» Problem requirements:
In the listing below, please print the line that contains "Children use sidewalk" and every line that follows it, exactly.

◆ ◆ ◆ ◆

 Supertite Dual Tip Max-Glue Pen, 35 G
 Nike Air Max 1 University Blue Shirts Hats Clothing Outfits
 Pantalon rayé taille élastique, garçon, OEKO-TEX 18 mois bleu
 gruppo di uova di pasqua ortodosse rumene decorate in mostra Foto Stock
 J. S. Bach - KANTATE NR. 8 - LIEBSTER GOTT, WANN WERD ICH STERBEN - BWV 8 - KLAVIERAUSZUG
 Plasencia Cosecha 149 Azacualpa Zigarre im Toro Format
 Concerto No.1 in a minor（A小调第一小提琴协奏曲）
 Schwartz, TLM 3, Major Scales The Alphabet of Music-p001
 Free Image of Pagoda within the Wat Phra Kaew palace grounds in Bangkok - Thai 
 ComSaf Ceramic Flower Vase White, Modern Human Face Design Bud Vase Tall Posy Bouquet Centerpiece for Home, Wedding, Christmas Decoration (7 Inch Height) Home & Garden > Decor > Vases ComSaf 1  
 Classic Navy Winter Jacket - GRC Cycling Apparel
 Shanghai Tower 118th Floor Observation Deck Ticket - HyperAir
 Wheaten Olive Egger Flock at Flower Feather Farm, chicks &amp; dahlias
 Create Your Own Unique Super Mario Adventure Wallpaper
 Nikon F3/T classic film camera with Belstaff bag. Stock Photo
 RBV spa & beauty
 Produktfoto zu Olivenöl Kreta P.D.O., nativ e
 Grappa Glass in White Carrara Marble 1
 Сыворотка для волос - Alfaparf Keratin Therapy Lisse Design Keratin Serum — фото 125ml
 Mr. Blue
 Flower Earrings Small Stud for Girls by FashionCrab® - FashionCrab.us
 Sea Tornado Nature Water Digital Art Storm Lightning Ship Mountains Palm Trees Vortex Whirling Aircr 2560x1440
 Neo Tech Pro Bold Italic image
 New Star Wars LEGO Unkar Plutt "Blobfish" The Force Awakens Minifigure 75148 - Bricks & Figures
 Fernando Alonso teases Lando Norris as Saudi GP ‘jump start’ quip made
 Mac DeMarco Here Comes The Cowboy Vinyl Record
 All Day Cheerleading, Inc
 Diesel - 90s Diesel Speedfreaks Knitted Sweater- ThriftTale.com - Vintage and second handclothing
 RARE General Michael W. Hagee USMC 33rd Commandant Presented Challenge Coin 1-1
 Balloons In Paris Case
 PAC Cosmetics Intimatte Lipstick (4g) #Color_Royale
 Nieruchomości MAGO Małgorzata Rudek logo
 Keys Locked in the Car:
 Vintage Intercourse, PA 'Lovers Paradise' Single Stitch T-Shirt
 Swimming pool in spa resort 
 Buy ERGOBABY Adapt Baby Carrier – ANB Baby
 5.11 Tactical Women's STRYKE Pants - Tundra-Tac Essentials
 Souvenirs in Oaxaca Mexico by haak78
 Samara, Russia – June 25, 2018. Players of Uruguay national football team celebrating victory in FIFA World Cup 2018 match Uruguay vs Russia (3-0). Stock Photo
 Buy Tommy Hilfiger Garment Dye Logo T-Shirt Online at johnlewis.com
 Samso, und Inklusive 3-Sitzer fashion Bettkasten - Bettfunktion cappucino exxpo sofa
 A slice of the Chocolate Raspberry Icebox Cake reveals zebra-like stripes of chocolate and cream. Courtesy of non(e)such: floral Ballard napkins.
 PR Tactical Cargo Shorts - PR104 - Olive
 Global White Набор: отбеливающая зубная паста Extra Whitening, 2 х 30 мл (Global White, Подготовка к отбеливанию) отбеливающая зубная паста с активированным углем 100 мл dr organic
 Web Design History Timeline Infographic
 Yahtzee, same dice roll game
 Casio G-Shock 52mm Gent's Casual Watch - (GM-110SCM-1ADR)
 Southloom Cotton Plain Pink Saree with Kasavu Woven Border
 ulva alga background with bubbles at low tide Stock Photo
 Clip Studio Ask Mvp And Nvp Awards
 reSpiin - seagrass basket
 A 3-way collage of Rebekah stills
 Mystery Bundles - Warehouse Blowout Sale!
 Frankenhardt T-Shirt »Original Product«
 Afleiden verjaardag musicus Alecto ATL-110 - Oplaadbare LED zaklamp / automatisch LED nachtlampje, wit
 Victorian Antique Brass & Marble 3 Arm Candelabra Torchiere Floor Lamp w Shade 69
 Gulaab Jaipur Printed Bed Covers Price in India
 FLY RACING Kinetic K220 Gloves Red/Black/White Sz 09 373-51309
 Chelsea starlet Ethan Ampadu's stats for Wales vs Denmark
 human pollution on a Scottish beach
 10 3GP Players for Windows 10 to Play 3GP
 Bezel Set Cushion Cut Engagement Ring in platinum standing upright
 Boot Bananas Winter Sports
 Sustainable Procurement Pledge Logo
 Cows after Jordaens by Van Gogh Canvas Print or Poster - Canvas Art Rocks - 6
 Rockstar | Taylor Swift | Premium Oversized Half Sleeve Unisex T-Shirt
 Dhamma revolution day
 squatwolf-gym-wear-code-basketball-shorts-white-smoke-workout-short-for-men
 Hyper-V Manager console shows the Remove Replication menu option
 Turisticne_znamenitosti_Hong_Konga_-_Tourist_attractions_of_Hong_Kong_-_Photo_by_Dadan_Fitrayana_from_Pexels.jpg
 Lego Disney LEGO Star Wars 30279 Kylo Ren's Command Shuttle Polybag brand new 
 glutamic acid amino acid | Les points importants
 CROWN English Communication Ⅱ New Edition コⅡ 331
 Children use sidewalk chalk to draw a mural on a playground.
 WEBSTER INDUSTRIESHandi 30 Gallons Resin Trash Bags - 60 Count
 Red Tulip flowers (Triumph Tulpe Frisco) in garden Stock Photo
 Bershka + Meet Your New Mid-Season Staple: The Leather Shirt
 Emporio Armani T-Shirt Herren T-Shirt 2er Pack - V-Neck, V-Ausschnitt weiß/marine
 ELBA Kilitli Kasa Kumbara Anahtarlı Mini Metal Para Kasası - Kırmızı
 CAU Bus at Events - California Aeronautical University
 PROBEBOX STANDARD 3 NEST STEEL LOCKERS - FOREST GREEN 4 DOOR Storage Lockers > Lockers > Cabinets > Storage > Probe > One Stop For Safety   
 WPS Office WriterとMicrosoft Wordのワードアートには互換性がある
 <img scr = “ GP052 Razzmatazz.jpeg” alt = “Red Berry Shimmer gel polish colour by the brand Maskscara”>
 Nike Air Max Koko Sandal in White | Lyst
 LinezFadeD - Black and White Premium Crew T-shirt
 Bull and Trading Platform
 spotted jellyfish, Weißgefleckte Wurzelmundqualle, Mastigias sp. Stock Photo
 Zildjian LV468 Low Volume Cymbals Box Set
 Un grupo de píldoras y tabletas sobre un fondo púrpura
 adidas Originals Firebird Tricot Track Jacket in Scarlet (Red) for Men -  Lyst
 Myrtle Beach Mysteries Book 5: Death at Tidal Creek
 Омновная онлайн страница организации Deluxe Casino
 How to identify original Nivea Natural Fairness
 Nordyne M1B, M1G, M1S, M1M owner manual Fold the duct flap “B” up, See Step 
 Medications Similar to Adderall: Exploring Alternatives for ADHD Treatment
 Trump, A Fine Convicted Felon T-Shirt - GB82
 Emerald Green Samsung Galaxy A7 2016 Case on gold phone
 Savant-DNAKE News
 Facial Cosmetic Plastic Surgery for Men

◆ ◆ ◆ ◆

» Answer box:
 Children use sidewalk chalk to draw a mural on a playground.
 WEBSTER INDUSTRIESHandi 30 Gallons Resin Trash Bags - 60 Count
 Red Tulip flowers (Triumph Tulpe Frisco) in garden Stock Photo
 Bershka + Meet Your New Mid-Season Staple: The Leather Shirt
 Emporio Armani T-Shirt Herren T-Shirt 2er Pack - V-Neck, V-Ausschnitt weiß/marine
 ELBA Kilitli Kasa Kumbara Anahtarlı Mini Metal Para Kasası - Kırmızı
 CAU Bus at Events - California Aeronautical University
 PROBEBOX STANDARD 3 NEST STEEL LOCKERS - FOREST GREEN 4 DOOR Storage Lockers > Lockers > Cabinets > Storage > Probe > One Stop For Safety   
 WPS Office WriterとMicrosoft Wordのワードアートには互換性がある
 <img scr = “ GP052 Razzmatazz.jpeg” alt = “Red Berry Shimmer gel polish colour by the brand Maskscara”>
 Nike Air Max Koko Sandal in White | Lyst
 LinezFadeD - Black and White Premium Crew T-shirt
 Bull and Trading Platform
 spotted jellyfish, Weißgefleckte Wurzelmundqualle, Mastigias sp. Stock Photo
 Zildjian LV468 Low Volume Cymbals Box Set
 Un grupo de píldoras y tabletas sobre un fondo púrpura
 adidas Originals Firebird Tricot Track Jacket in Scarlet (Red) for Men -  Lyst
 Myrtle Beach Mysteries Book 5: Death at Tidal Creek
 Омновная онлайн страница организации Deluxe Casino
 How to identify original Nivea Natural Fairness
 Nordyne M1B, M1G, M1S, M1M owner manual Fold the duct flap “B” up, See Step 
 Medications Similar to Adderall: Exploring Alternatives for ADHD Treatment
 Trump, A Fine Convicted Felon T-Shirt - GB82
 Emerald Green Samsung Galaxy A7 2016 Case on gold phone
 Savant-DNAKE News
 Facial Cosmetic Plastic Surgery for Men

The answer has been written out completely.